I flipped the book closed and sat on the floor beside him. It marveled me how dangerous he could be one minute and how very much like a child the next.

“How could I hate you?” I rested my head against him “This has been, and statistically speaking, probably will be, the greatest adventure of my life.”

The moment I said it, I realized it was true. It wasn’t just something I was saying to bring him comfort, something to make someone else feel better. For once, I was having an experience of my own, and while it had been terrifying at first, it had also been a wonderful thrill. Charlie tensed against me. I was afraid I’d said something wrong, but I cut him off before he could ponder it further. “Remind me to thank whichever one of the guys it was who wanted coffee.”

He chuckled warmly. “You’re supposed to be seventeen, right?”

I laughed. “Yes, why?”

“Ya don’t seem like it.” He smiled.

“Is that a good thing or a bad thing?”

He paused; his smile lapsed into a frown. “Addie, you’re just a kid.”

“I might be young, but at least I can control my temper. You should be old enough to know better.”

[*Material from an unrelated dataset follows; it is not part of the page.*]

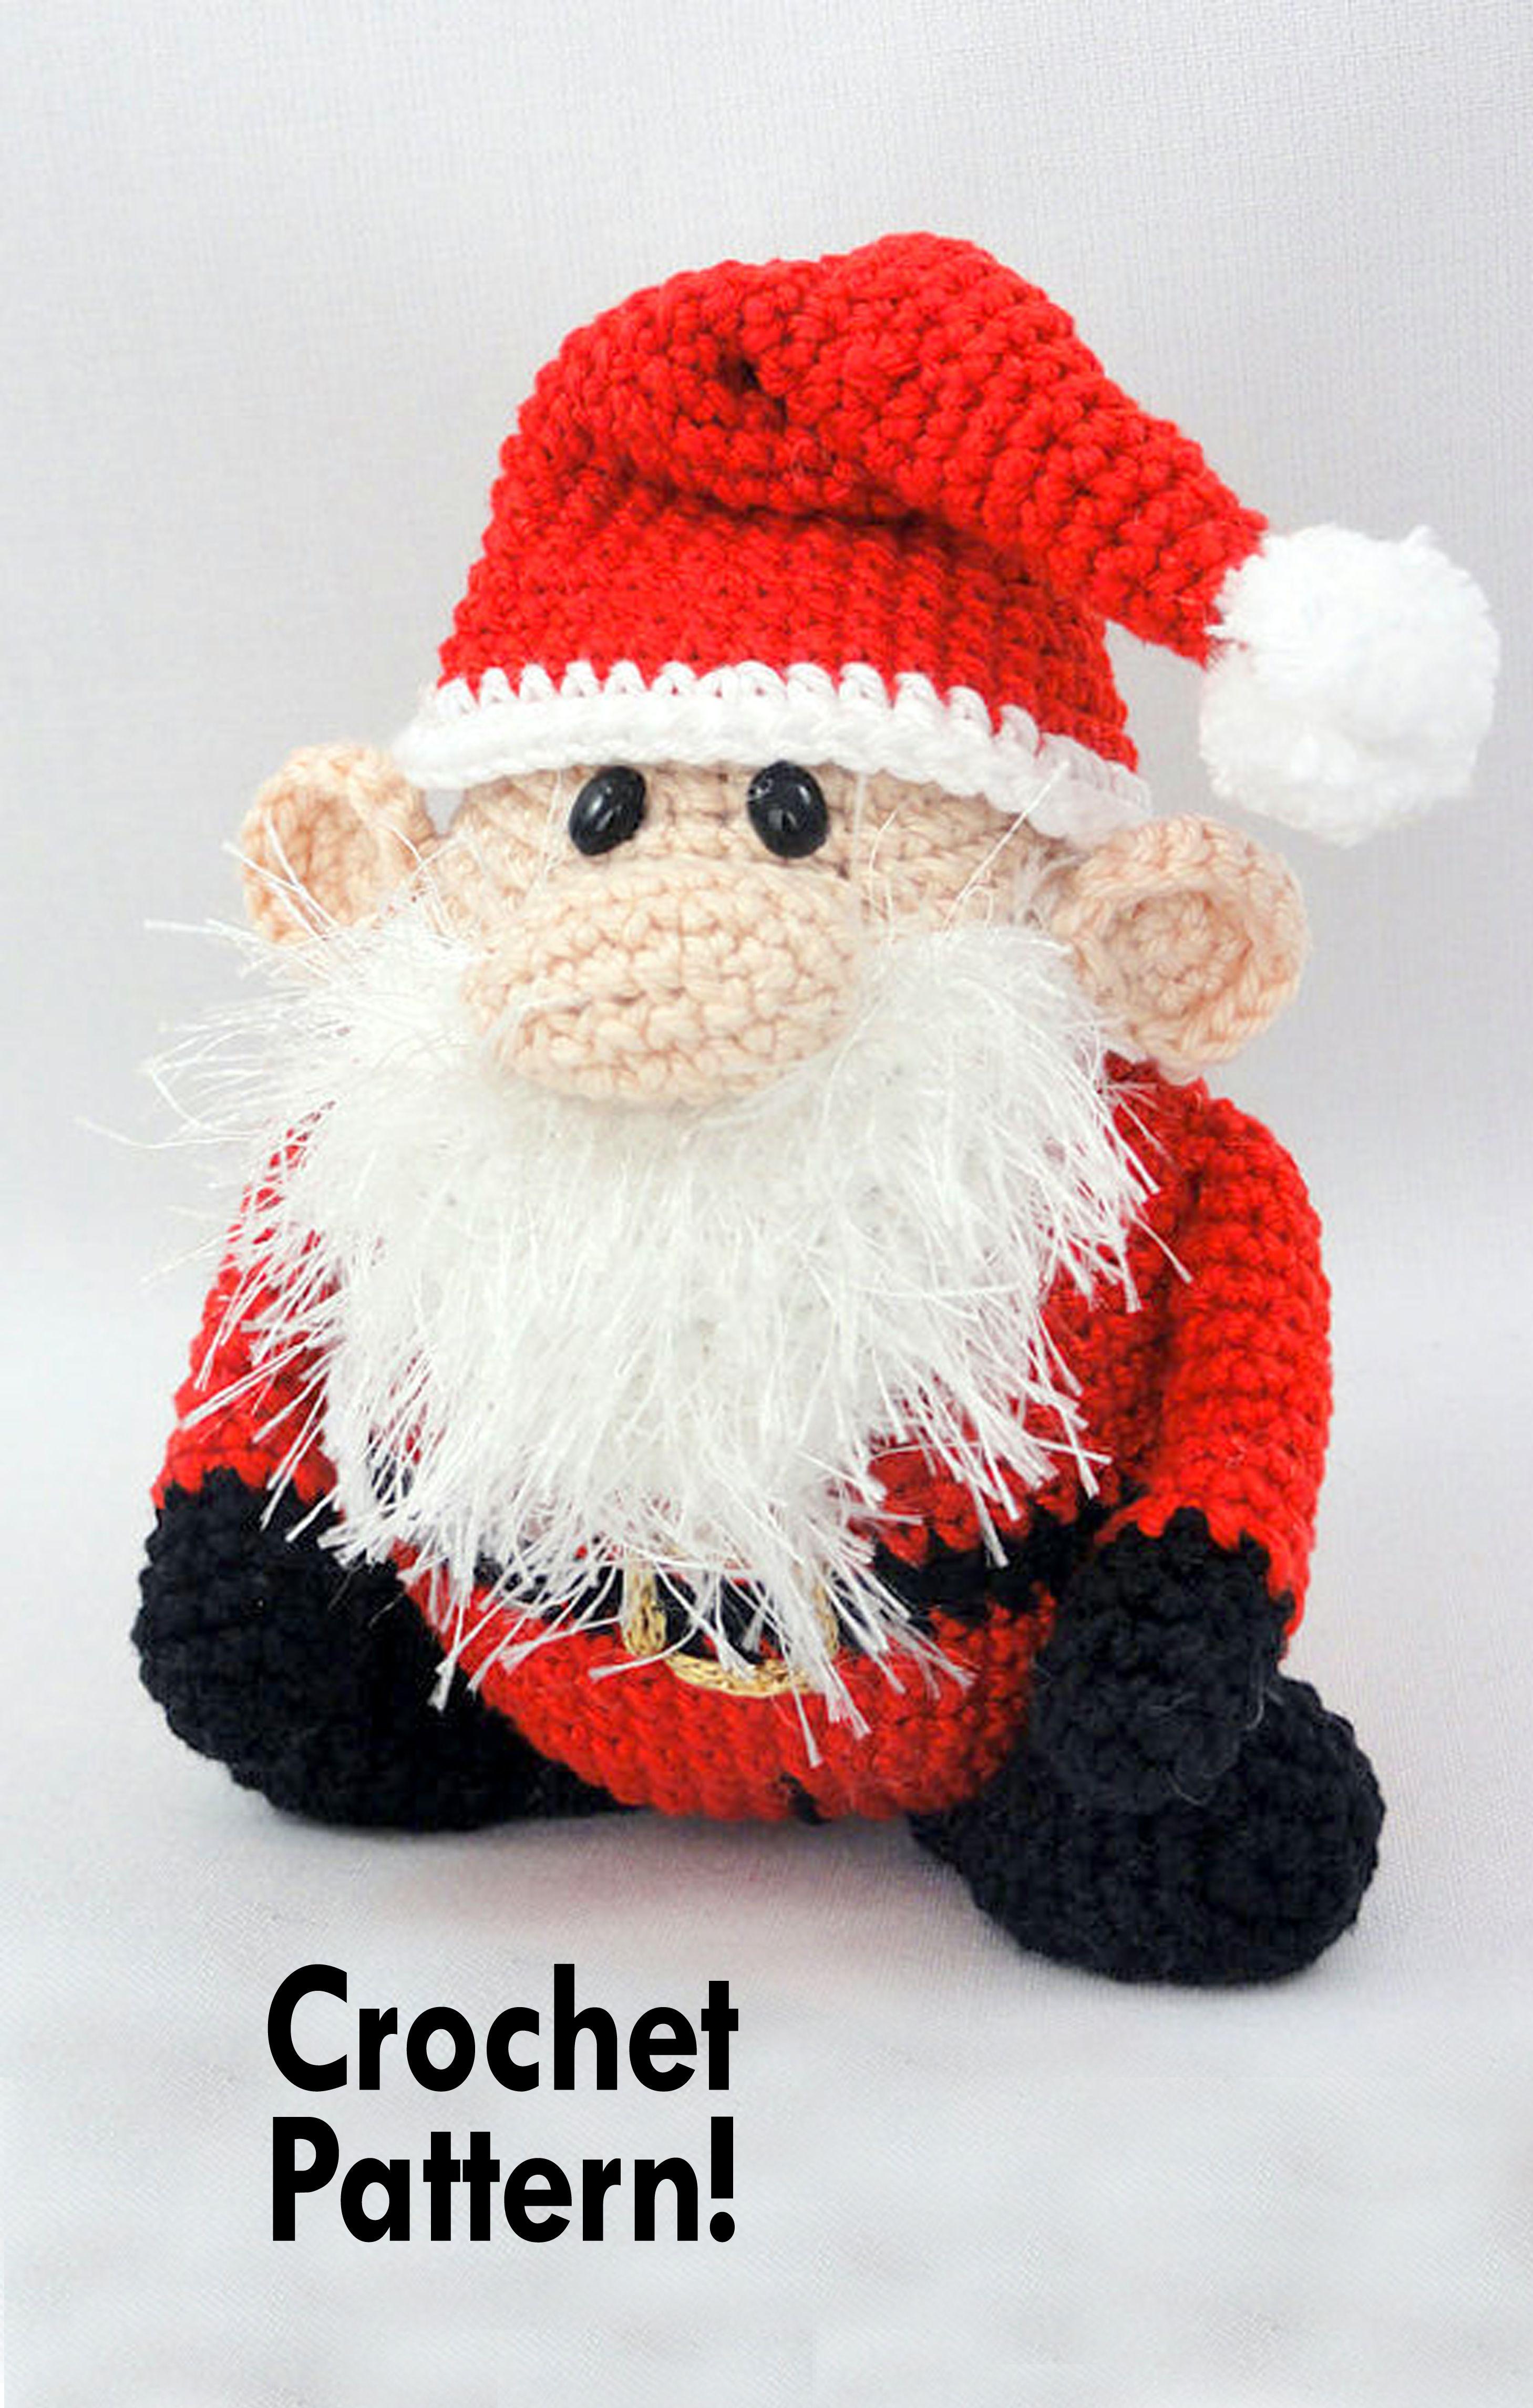 Amigurumi Crochet Pattern - Santa Claus - XS Edition - English ...

“How old do you think I am?”

I looked up at him and pretended to examine his face. Truthfully, I had already spent numerous moments considering this question.

“I’m not sure. Enlighten me.”

It was obvious he was indecisive about whether or not he wanted to answer. I was about to remind him that when I got home I had every intention of doing the most extensive research on him available.

“Twenty-nine,” he said finally.

“Hmm.” It was good to know that I hadn’t been too far off.

He laughed a little, although it sounded a little uncertain. “You probably gotta set an age maximum for your beaus. I bet you start turning them away around twenty-five just to narrow ‘em down.”

I hit him on the arm, although it wasn’t with much effort. “Not that it’s any of your business, but I’m not the sort of girl that
has
guys.” I felt the blush creeping up in my cheeks and cursed myself. “I’ve never had any guys.”